7.1 PURCHASE PRICE ALLOCATION. Buyer, the Company and Sellers
agree that the Purchase Price and the liabilities of the Company will be
allocated to the assets of the Company for all purposes (including Tax and
financial accounting) in a manner consistent with IRC Sections 338 and 1060 and
the regulations thereunder. Buyer, the Company and Sellers shall file all Tax
Returns (including amended returns and claims for refund) and information
reports in a manner consistent with such allocation.

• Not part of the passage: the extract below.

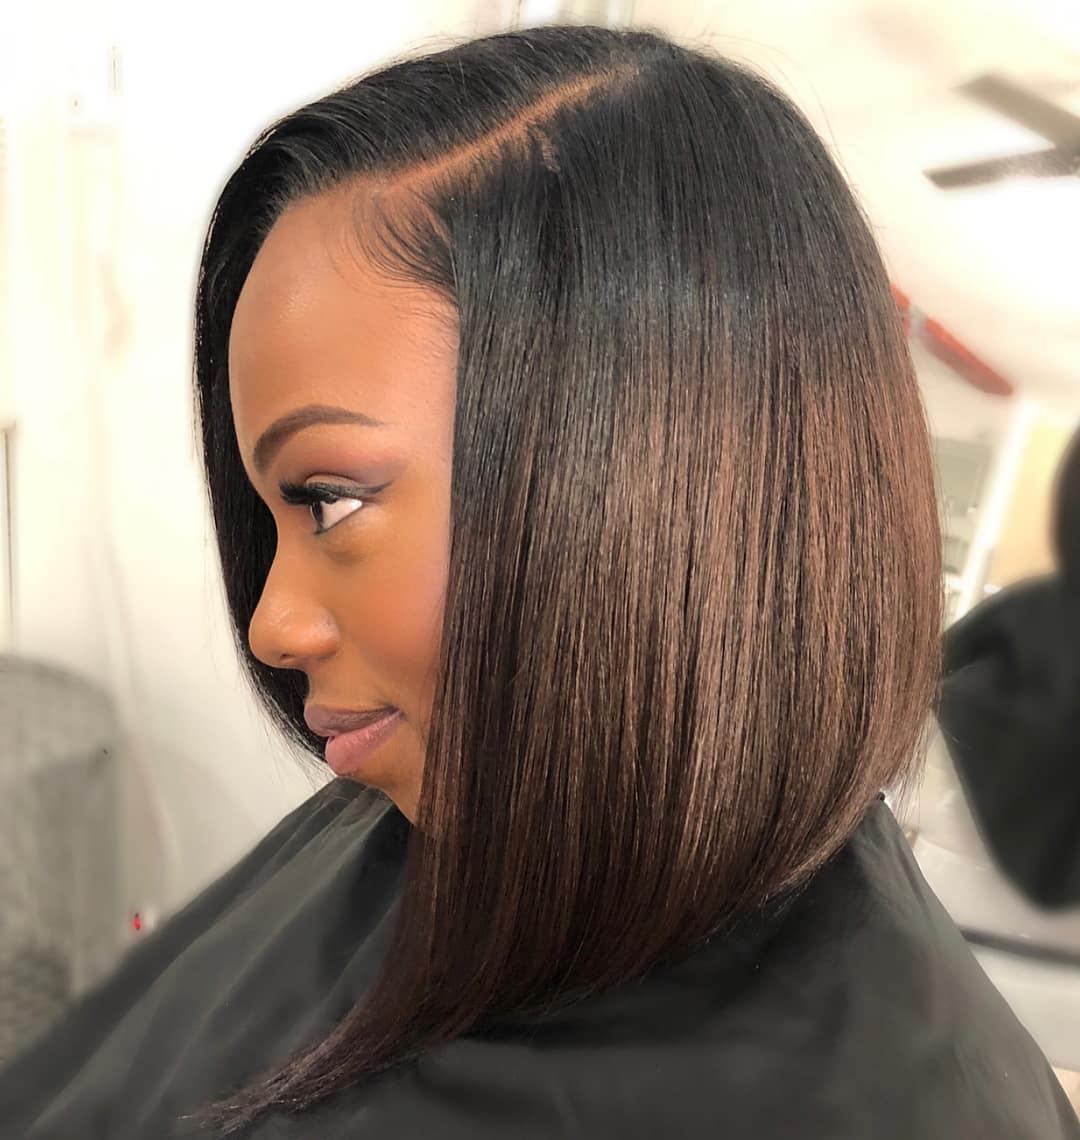 Outstanding Bob Hairstyles for Black Women | Bob-Hairstyle.Com | Short bob  hairstyles, Hair inspiration, Womens hairstyles

7.2 TAX RETURNS. Buyer shall prepare or cause to be prepared, on a
basis consistent with the Company's past practice and custom, unless the Sellers
approve otherwise, which approval shall not be unreasonably withheld,
conditioned or delayed, and file or cause to be filed all Tax Returns for the
Company for all periods ending on or prior to the Closing Date that are filed
after the Closing Date, except for the Company's Federal S Corporation Tax
Returns and corresponding state Tax Returns required to be filed for all periods
prior to Closing and the period ending with the Closing (including the Federal S
Corporation Tax Return and corresponding state Tax Returns required to be filed
due to the deemed asset sale under IRC Section 338(h)(10)), which shall be
prepared by Sellers and approved by Buyer prior to filing, which approval shall
not be unreasonably withheld, conditioned or delayed. Seller shall provide Buyer
with a schedule of all Tax Returns of the Company to be filed for periods ending
on or prior to the Closing Date, and a list of Tax Returns for which extensions
have been filed.
7.3 COOPERATION ON TAX MATTERS.
(a) Buyer, the Company and Sellers shall cooperate fully, as and to the
extent reasonably requested by the other party, in connection with the filing of
Tax Returns and Tax refunds and any audit, litigation or other proceeding with
respect to Taxes; provided, that Sellers shall not file, or cause to be filed,
the Company's Federal S corporation Tax Returns and corresponding state Tax
Returns of the Company required to be filed for all periods prior to Closing and
the period ending with the Closing (including the Federal S Corporation Tax
Return and corresponding state Tax Returns required to be filed due to the
deemed asset sale under IRC Section 338(h)(10)), without Buyer's prior approval,
which approval shall not be unreasonably withheld, conditioned or delayed;
provided further, that Sellers shall provide Buyer any of the aforementioned Tax
Returns to Buyer not less than sixty (60) days prior to the due date (including
properly filed extensions) for filing such Tax Returns. Such cooperation shall
include the retention and (upon the other party's request) the provision of
records and information reasonably relevant to any such audit, litigation, or
other proceeding and making employees available on a mutually convenient basis
to provide additional information and explanation of any material provided
hereunder. Buyer, the Company and Sellers agree (i) to retain all books and
records with respect to Tax matters pertinent to the Company relating to any
taxable period beginning before the Closing until the expiration of the statute
of limitations (and, to the extent notified by Buyer or Sellers, any extensions
thereof) of the respective taxable periods, and to abide by all record retention
agreements entered into with any taxing authority, and (ii) to give the other
party reasonable written notice prior to transferring, destroying or discarding
any such books and records and, if the other party so requests, the Company or
Sellers, as the case may be, shall allow the other party to take possession of
such books and records.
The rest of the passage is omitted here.